__WORK ORDER__
All lines from the one containing "SWING Abendkleid Damen, Beere, Größe" through the end of the data below are to be transcribed exactly. Leave out the rest.

......

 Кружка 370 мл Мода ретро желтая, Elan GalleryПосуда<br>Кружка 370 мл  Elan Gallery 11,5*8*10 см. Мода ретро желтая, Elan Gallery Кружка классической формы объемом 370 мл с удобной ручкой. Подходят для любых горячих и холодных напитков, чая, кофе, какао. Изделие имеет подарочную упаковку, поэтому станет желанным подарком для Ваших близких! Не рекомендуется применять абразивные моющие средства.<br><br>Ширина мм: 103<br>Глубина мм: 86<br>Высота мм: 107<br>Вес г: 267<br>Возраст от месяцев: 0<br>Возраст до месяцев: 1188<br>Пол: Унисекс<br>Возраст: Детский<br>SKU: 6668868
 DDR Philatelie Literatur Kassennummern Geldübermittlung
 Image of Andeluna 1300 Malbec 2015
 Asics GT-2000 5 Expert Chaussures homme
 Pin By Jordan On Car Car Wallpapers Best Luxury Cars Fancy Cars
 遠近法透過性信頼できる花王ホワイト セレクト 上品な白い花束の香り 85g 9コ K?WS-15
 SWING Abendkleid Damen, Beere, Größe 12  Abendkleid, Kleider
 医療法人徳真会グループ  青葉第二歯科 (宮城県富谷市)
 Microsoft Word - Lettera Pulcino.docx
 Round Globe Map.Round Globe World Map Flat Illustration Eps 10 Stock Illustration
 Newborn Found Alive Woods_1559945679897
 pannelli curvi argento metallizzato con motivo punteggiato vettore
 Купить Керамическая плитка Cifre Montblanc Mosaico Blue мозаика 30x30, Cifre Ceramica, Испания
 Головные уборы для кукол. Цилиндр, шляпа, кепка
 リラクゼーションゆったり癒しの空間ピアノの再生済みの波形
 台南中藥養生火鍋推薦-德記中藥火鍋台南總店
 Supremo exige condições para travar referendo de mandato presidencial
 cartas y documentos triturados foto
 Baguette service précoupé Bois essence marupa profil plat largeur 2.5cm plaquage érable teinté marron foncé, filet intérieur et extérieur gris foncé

......

__YOUR RESPONSE__
 SWING Abendkleid Damen, Beere, Größe 12  Abendkleid, Kleider
 医療法人徳真会グループ  青葉第二歯科 (宮城県富谷市)
 Microsoft Word - Lettera Pulcino.docx
 Round Globe Map.Round Globe World Map Flat Illustration Eps 10 Stock Illustration
 Newborn Found Alive Woods_1559945679897
 pannelli curvi argento metallizzato con motivo punteggiato vettore
 Купить Керамическая плитка Cifre Montblanc Mosaico Blue мозаика 30x30, Cifre Ceramica, Испания
 Головные уборы для кукол. Цилиндр, шляпа, кепка
 リラクゼーションゆったり癒しの空間ピアノの再生済みの波形
 台南中藥養生火鍋推薦-德記中藥火鍋台南總店
 Supremo exige condições para travar referendo de mandato presidencial
 cartas y documentos triturados foto
 Baguette service précoupé Bois essence marupa profil plat largeur 2.5cm plaquage érable teinté marron foncé, filet intérieur et extérieur gris foncé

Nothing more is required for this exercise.